C# program that uses custom IEqualityComparer
using System;
using System.Diagnostics;
using System.Collections.Generic;
public class StringIndexKeyComparer : IEqualityComparer<string>
{
const int _multiplier = 89;
public bool Equals(string x, string y)
{
return x == y;
}
public int GetHashCode(string obj)
{
int result = 0;
if (obj == null)
{
return 0;
}
int length = obj.Length;
if (length > 0)
{
char let1 = obj[0];
char let2 = obj[length - 1];
int part1 = let1 + length;
result = (_multiplier * part1) + let2 + length;
}
return result;
}
}
class Program
{
const int _max = 100000000;
static void Main()
{
var test = new Dictionary<string, bool>(new StringIndexKeyComparer());
var test2 = new Dictionary<string, bool>();
// Elements.
string[] elements = { "22D-Array-IEnumerable",
"22D-Array-Use", "27-Zip", "27-Zip-DEFLATE-Ratio",
"27-Zip-Examples", "2About", "2Action-Dictionary",
"2Adobe-CS3-Rounded", "2Adobe-Fireworks-CS3-Resampling" };
// Add elements.
foreach (string element in elements)
{
test.Add(element, true);
test2.Add(element, true);
}
var s1 = Stopwatch.StartNew();
// Version 1: test custom IEqualityComparer.
for (int i = 0; i < _max; i++)
{
if (!test.ContainsKey("2About"))
{
return;
}
}
s1.Stop();
var s2 = Stopwatch.StartNew();
// Version 2: use default dictionary.
for (int i = 0; i < _max; i++)
{
if (!test2.ContainsKey("2About"))
{
return;
}
}
s2.Stop();
Console.WriteLine(((double)(s1.Elapsed.TotalMilliseconds * 1000000) /
_max).ToString("0.00 ns"));
Console.WriteLine(((double)(s2.Elapsed.TotalMilliseconds * 1000000) /
_max).ToString("0.00 ns"));
}
}
Output
15.54 ns StringIndexKeyComparer
23.34 ns Default
Next: We implement a custom, fuzzy lookup that ignores characters. This is the custom IEqualityComparer.
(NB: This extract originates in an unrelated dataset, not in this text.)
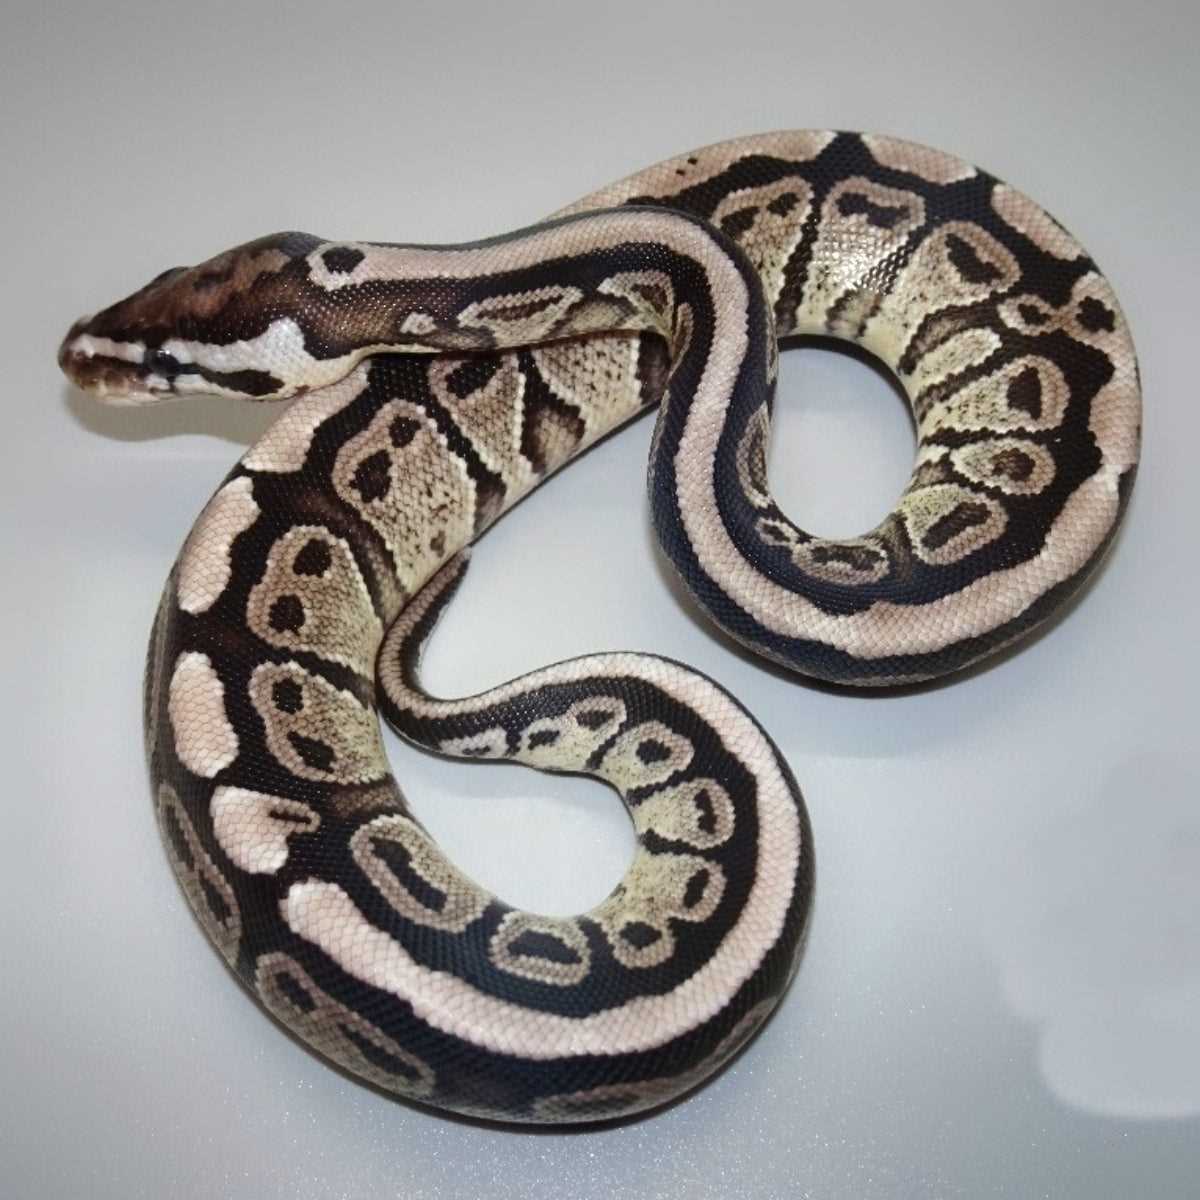 Are axanthic ball pythons more difficult to care for?

Tip: It computes hashes (in GetHashCode) and compares keys (in Equals) ignoring all hyphen characters.
So: The string "cat-1" is considered equal to the string "cat1." The hyphen (dash) character is simply ignored.
Example custom IEqualityComparer: C#
using System.Collections.Generic;
class CustomComparer : IEqualityComparer<string>
{
public bool Equals(string x, string y)
{
int xPos = 0;
int yPos = 0;
while (true)
{
// ... Fail if past end.
if (xPos >= x.Length)
{
return false;
}
if (yPos >= y.Length)
{
return false;
}
// ... Skip past hyphens.
if (x[xPos] == '-')
{
xPos++;
continue;
}
if (y[yPos] == '-')
{
yPos++;
continue;
}
// ... Fail if different.
if (x[xPos] != y[yPos])
{
return false;
}
// ... If we have traversed both strings with no error, we match.
if (xPos == x.Length - 1 &&
yPos == y.Length - 1)
{
return true;
}
// ... Increment both places.
xPos++;
yPos++;
}
}
public int GetHashCode(string obj)
{
int code = 0;
// ... Add together all chars.
for (int i = 0; i < obj.Length; i++)
{
if (obj[i] != '-')
{
code += obj[i];
}
}
return code;
}
}
Here: All three lookups return the correct value. Some unusual cases, not shown, may not work correctly (such as trailing hyphens).
C# program that uses Dictionary, CustomComparer
using System;
using System.Collections.Generic;
class Program
{
static void Main()
{
// ... Add data to dictionary.
var dictionary = new Dictionary<string, int>(new CustomComparer());
dictionary["cat-1"] = 1;
dictionary["cat-2"] = 2;
dictionary["dog-bark"] = 10;
dictionary["dog-woof"] = 20;
// ... Lookup values, ignoring hyphens.
Console.WriteLine(dictionary["cat1"]);
Console.WriteLine(dictionary["cat-1"]);
Console.WriteLine(dictionary["dog--bark"]);
}
}
Output
1
1
10
Tip: To better distribute the hash code computations in your program, using a multiplier is useful.
Tip 2: A hashtable has an internal array of buckets, and when you use a multiplier, you can spread out the indexes to those buckets.
And: This reduces the number of hash collisions and improves lookup performance.
Tip: Any GetHashCode method will have to be custom to your keys. Therefore, just delete the contents of GetHashCode and start over.
But: It is not worth implementing on most projects, unless there is a bottleneck on your Dictionary, which rarely occurs.
Test: Increment a static int field each time Equals is called. With a better hash code, Equals is called fewer times.
Tip: With a more selective hash, the internal Dictionary methods need to search fewer values with Equals, so it is called less.